2. Mira el péndulo de Foucault
Todos los días, hordas de turistas pasan por el Panteón de París: el majestuoso vaivén del péndulo de Foucault. De ida y vuelta, de ida y vuelta, un movimiento cuyo ritmo, que se siente lento, en realidad dura unos 16 segundos.
Y aunque muchos en la visita pensarán en ese libro mundialmente famoso de Umberto Eco que lleva el nombre de este péndulo, la cuna de la reluciente esfera de plomo recubierta de latón celebra no las letras, sino la física.
Con este experimento, el físico francés Léon Foucault demostró en 1851 que la tierra gira; no en el Panthéon en ese momento, sino en el observatorio de París. El patrón que dibuja el péndulo oscilante (en el experimento original había arena en el suelo para mostrarlo) es el resultado de una interacción de la gravedad y la rotación de la Tierra y sigue las leyes de la física que puedes encontrar en los libros de física modernos.
El experimento muestra cómo, con nada más que el cerebro, un poco de ingenio y un puñado de matemáticas básicas, puedes revelar el movimiento de un planeta entero.

3. Visita la casa de Einstein
Con cuatro artículos profesionales en un año, Albert Einstein, incluso décadas después de su muerte, sigue siendo el físico más famoso del mundo, trastornó conceptos como el espacio, el tiempo, la masa y la energía y les dio un nuevo significado.
Con la primera de esas publicaciones (sobre el efecto fotoeléctrico) ganó un premio Nobel, en la segunda sentó las bases de los movimientos térmicos de las partículas elementales, en la tercera presentó su teoría de la relatividad especial y en la cuarta lanzó la famosa ecuación E = mc2, probablemente la única comparación que incluso hordas de no físicos pueden captar sin esfuerzo.

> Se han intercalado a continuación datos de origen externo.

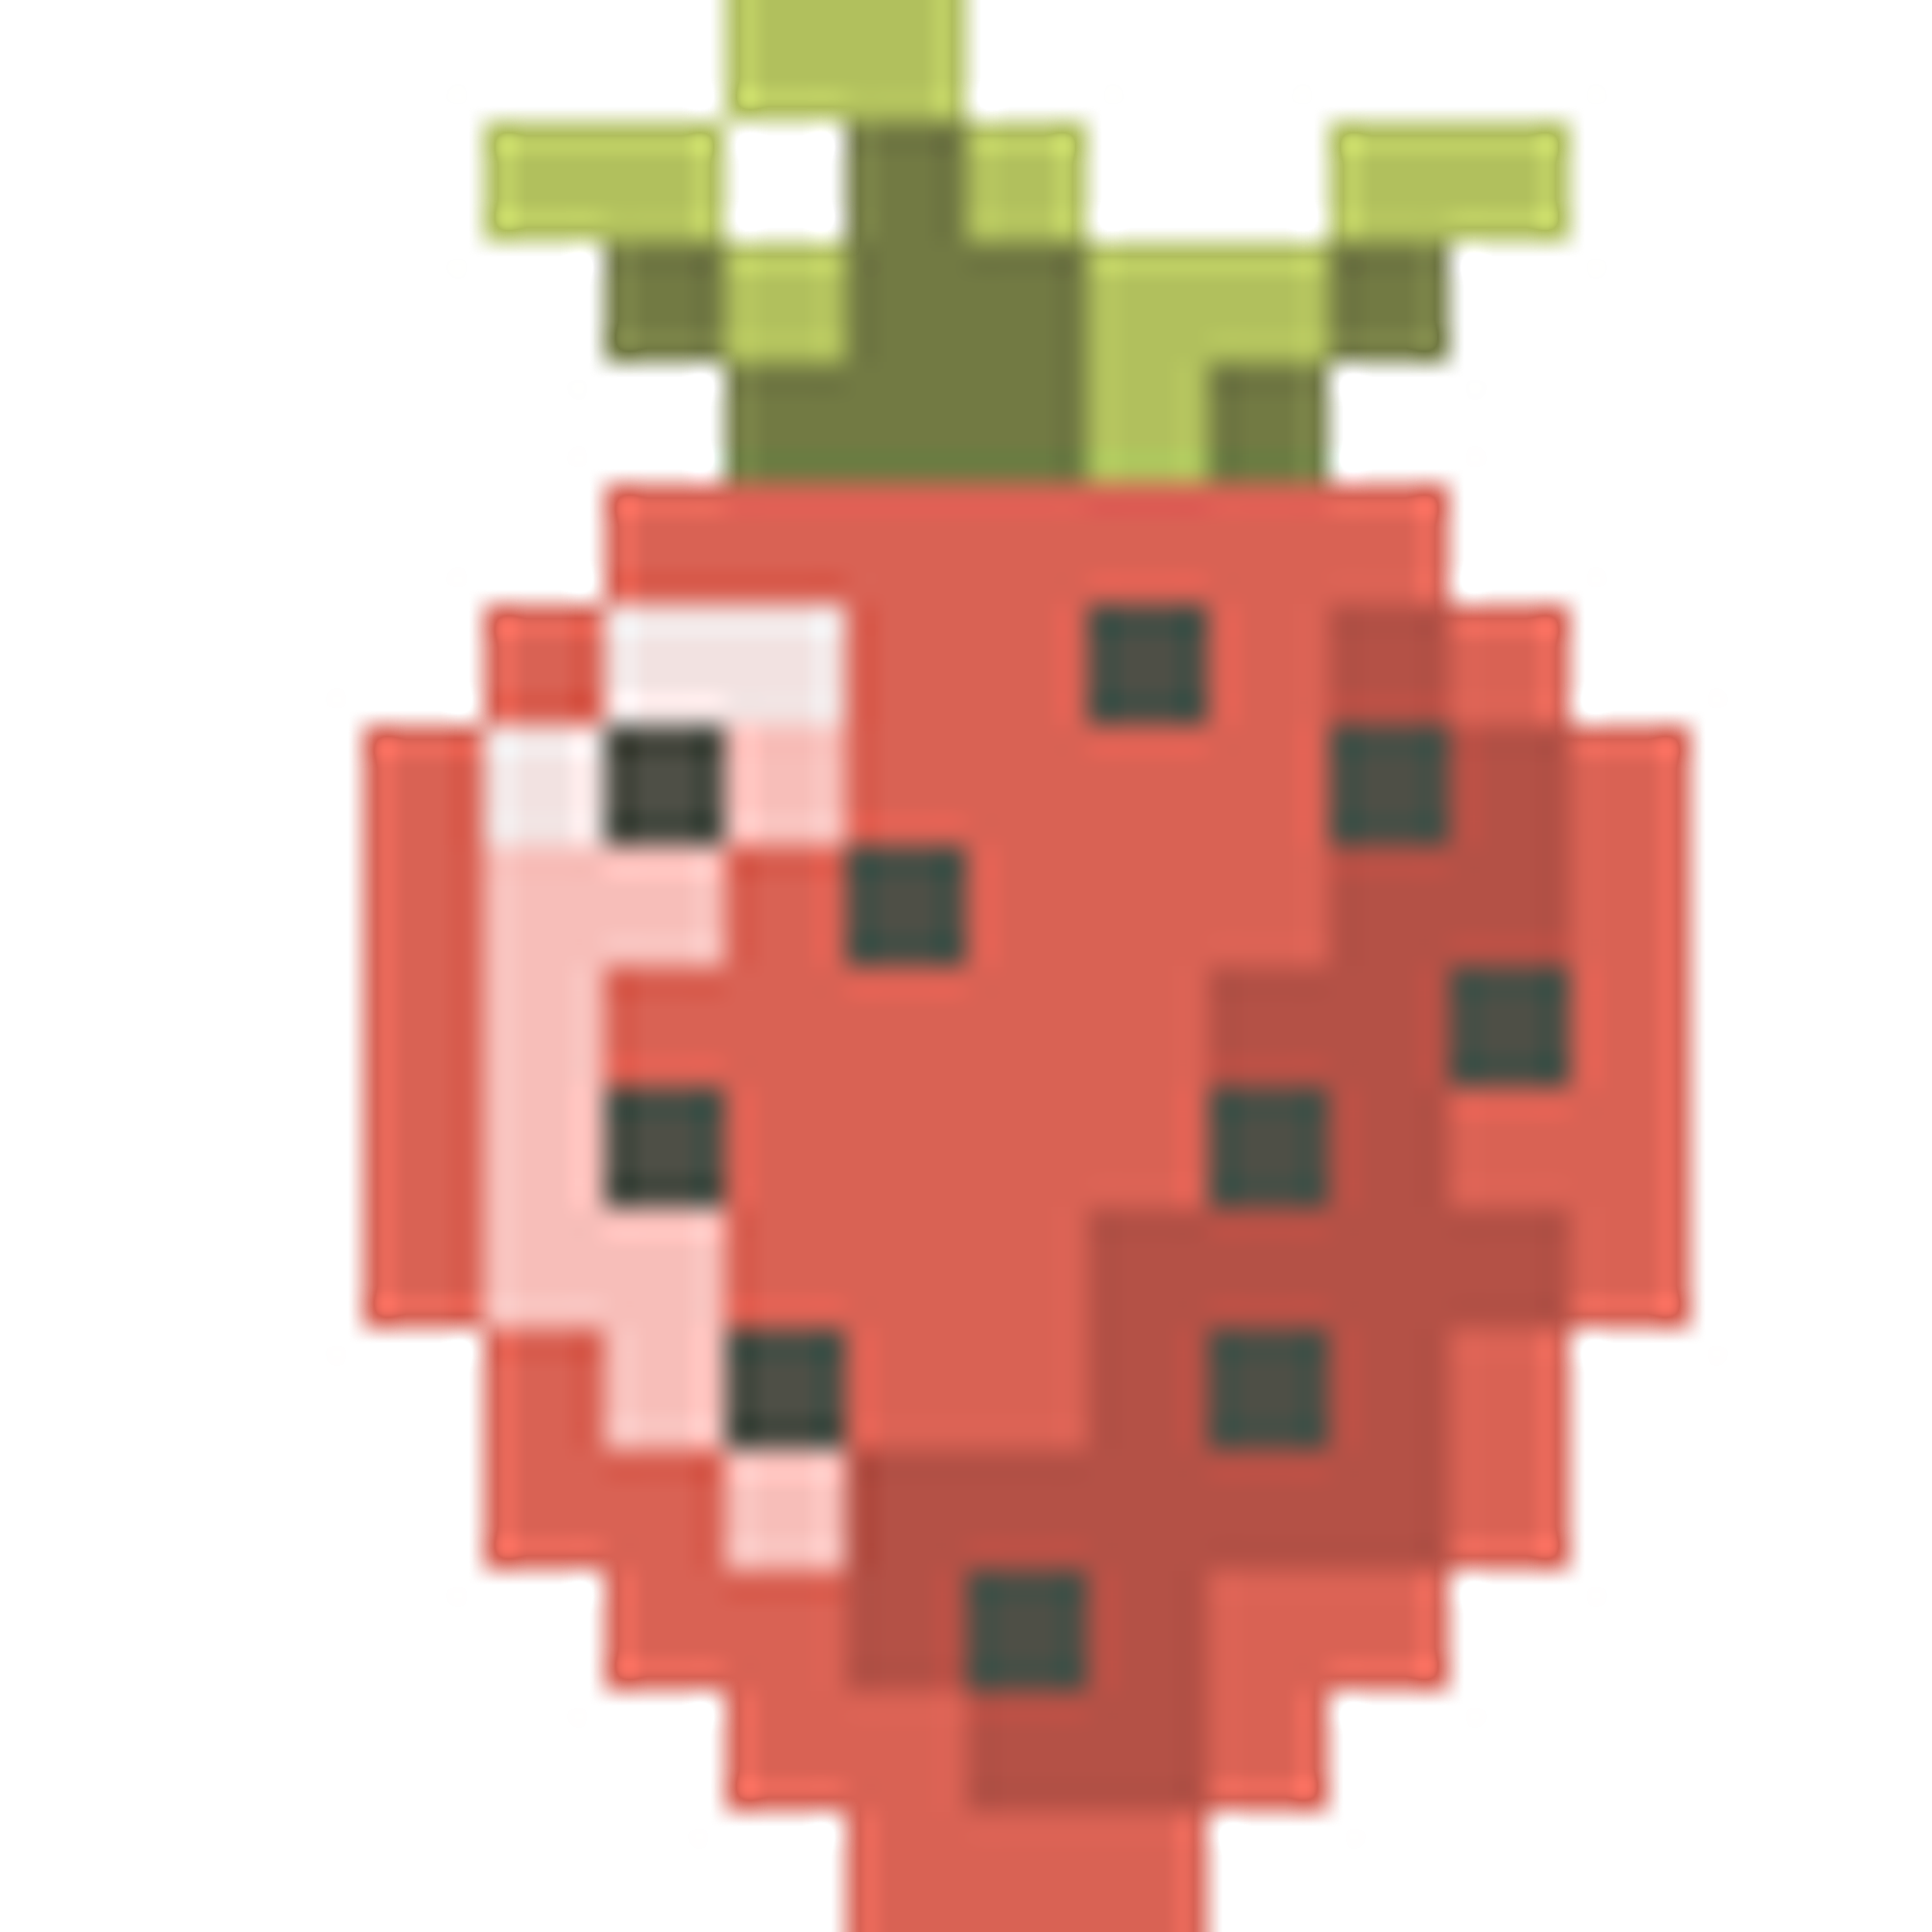 Strawberry - Zero-Dependency, Build-Free JavaScript Framework

Y todo sucedió en 1905, en 49 Kramgasse, un modesto apartamento en un segundo piso en Berna, Suiza.
Hoy esa casa es una especie de peregrinación física, en la que se relatan las condiciones de vida de Einstein. imitado con precisiónincluidas fotos familiares, un gabinete de porcelana lleno y un papel tapiz de palmeras de aspecto anticuado.

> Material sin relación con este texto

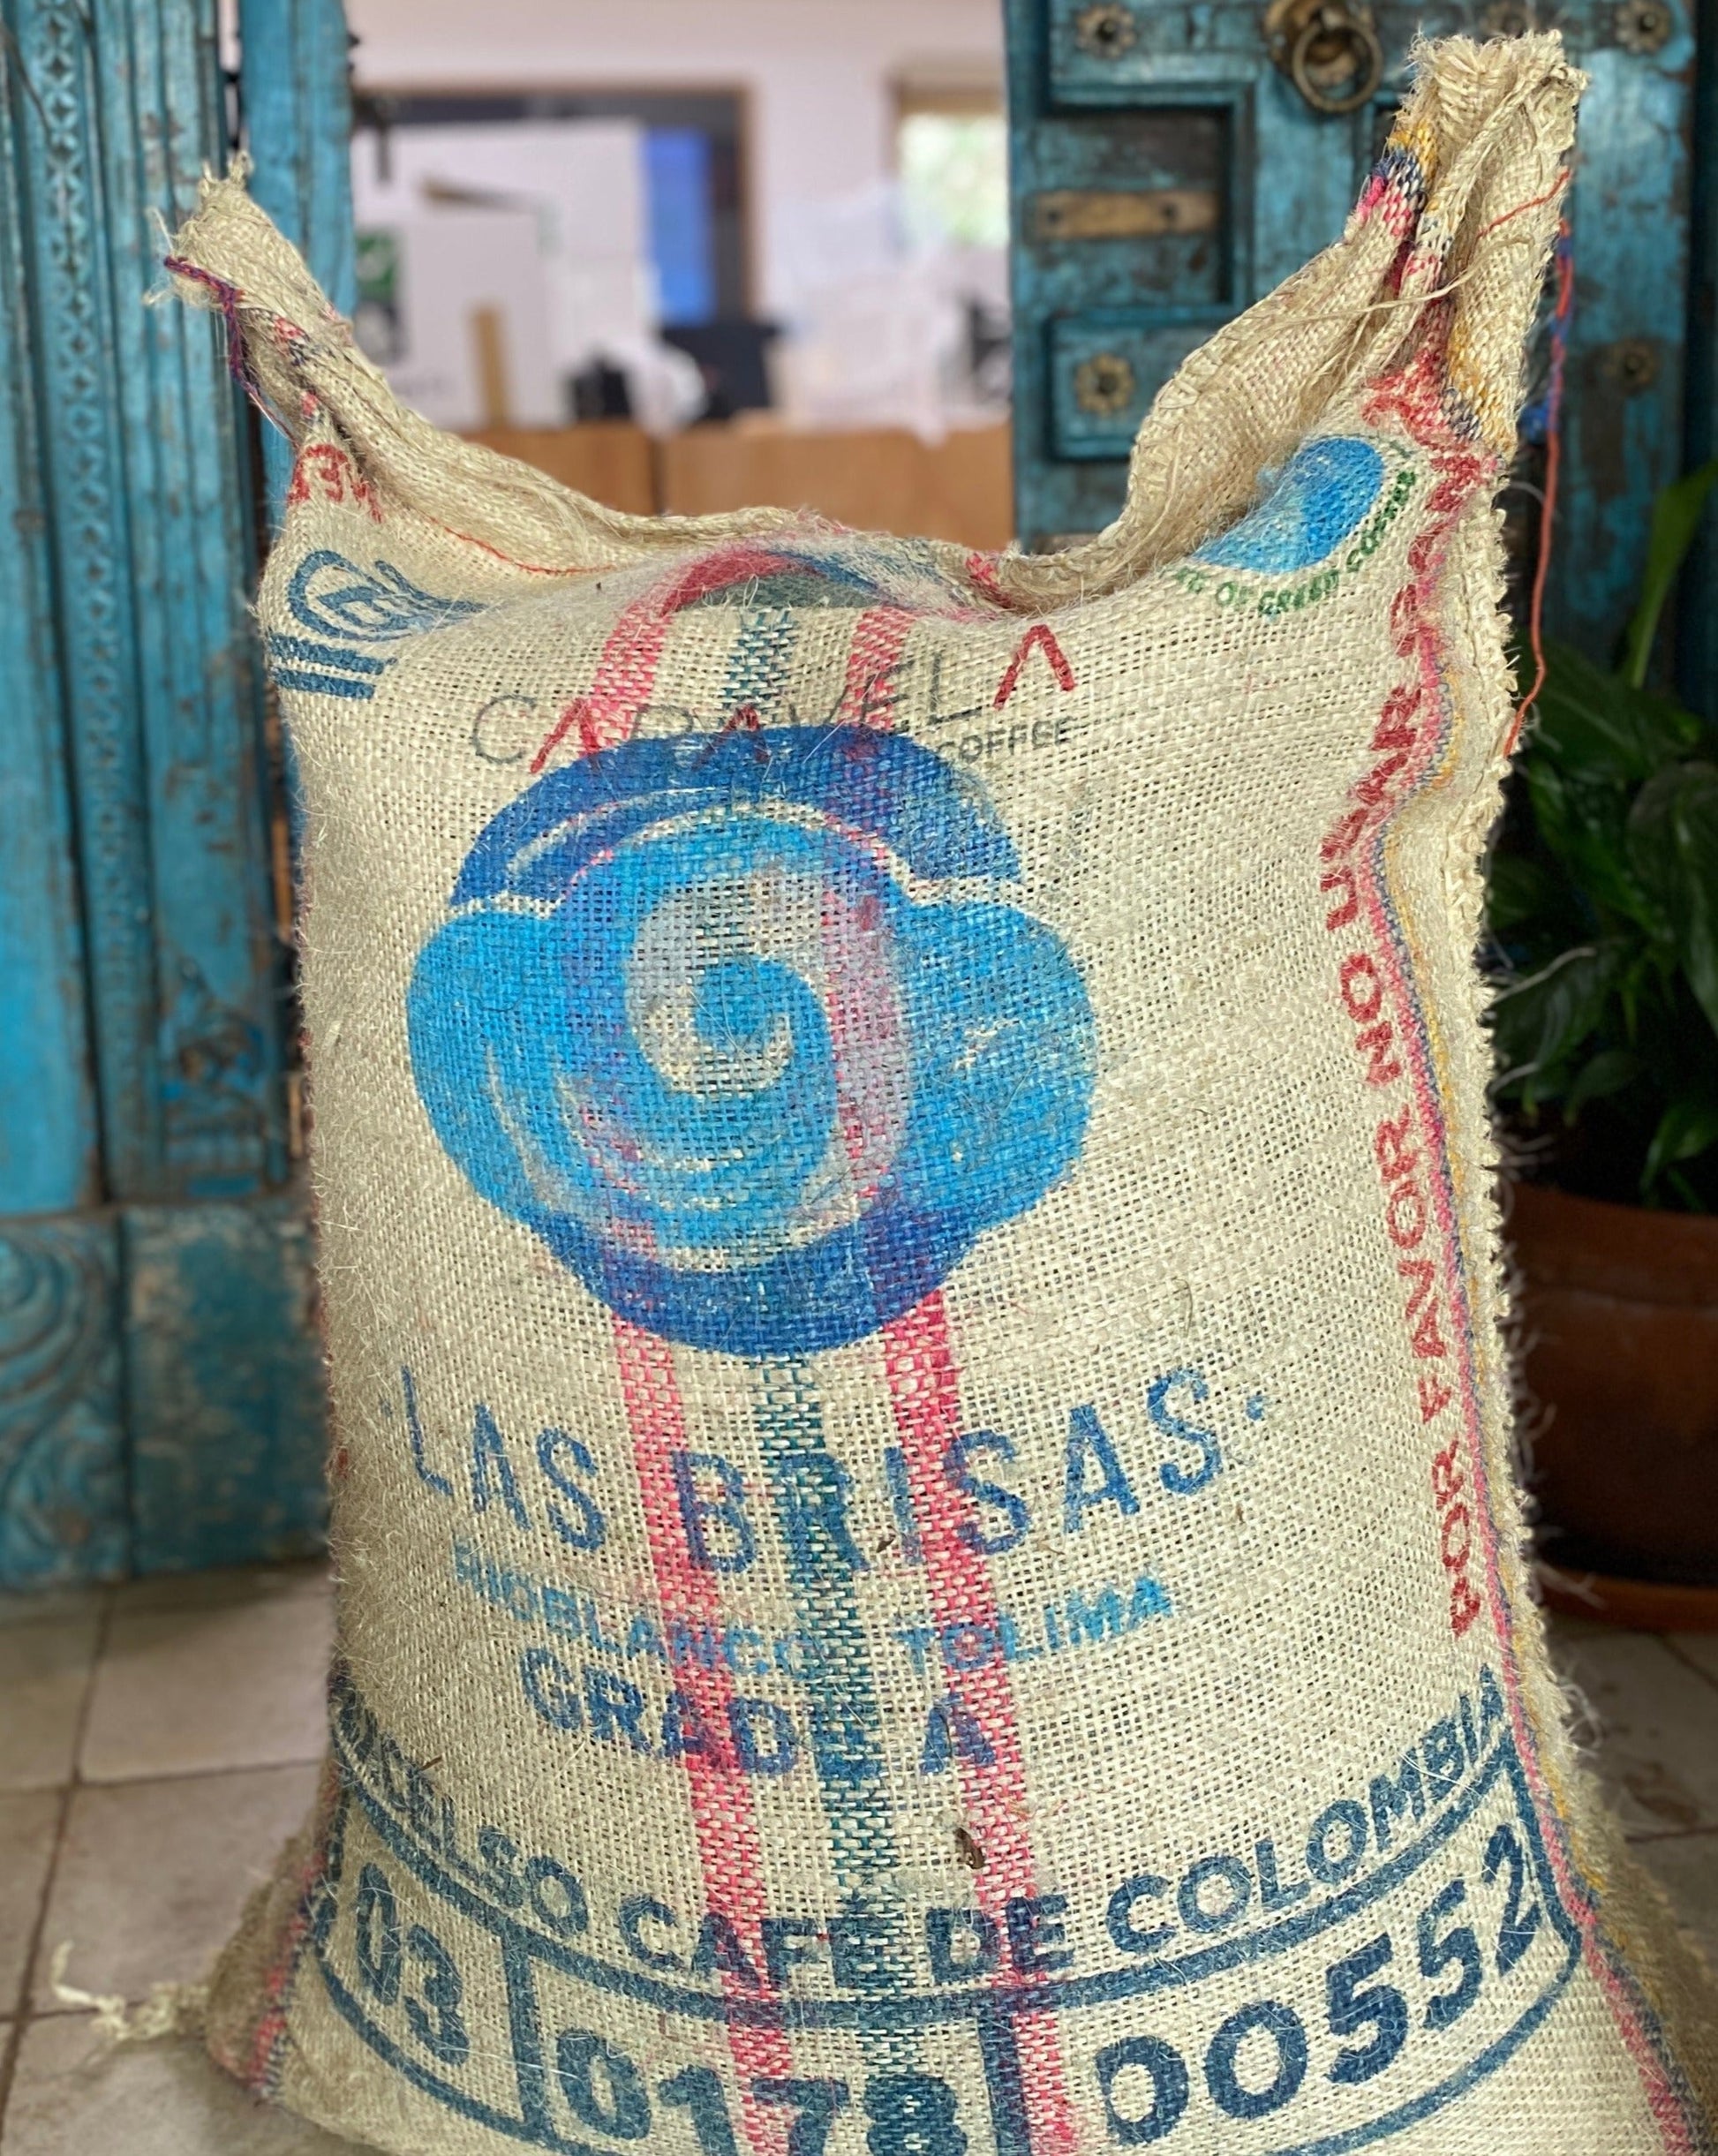 Arabica Las Brisas Colombian Coffee freshly roasted

4. Almuerzo con la firma de un ganador del Premio Nobel
Si hay un premio científico con el encanto internacional de una medalla olímpica o la estatuilla de oro de los Oscar, ese es el Premio Nobel. Aquellos que quieran beber descaradamente para convertirse en la superestrella científica de los ganadores del Premio Nobel, incluidos los héroes nacionales de la física como Gerard ‘t Hooft o André Geim, harían bien en tomar un café en el bistró del Museo del Premio Nobel en Estocolmo.
Gira las sillas ligeramente chirriantes y encontrarás en blanco los autógrafos reales de los antiguos ganadores, que han puesto durante su visita al museo. Detrás del mostrador en la entrada puede solicitar una carpeta antigua (falta una versión digital) que lleva un registro de qué firma está debajo de qué asiento. Entonces todo lo que tienes que hacer es armarte de valor para preguntar a otros visitantes que beben café si puedes echar un vistazo debajo de sus asientos.

5. Mira cómo se captó el estremecimiento del espacio y el tiempo
Si planeas ver finalmente la Torre Inclinada de Pisa este año y al mismo tiempo tienes un gran amor por la física de nuestro universo, aquí tienes un consejo gratis: asegúrate de ir un martes o sábado y, um… preferiblemente posponer su visita por otro año o medio.
Ese es el tiempo que es ahora la lista de espera para los visitantes detector de ondas gravitacionales Virgo, a unos 17 kilómetros de Pisa. Virgo puede captar las vibraciones sutiles del espacio y el tiempo cuando en algún lugar profundo del cosmos chocan dos objetos pesados, por ejemplo, agujeros negros. Esta medición es tan difícil como registrar el aumento del nivel del agua en el IJsselmeer cuando cae allí una sola gota de lluvia. Durante un recorrido, los físicos explican todo al respecto de forma gratuita. Si tienes una respiración larga, al menos.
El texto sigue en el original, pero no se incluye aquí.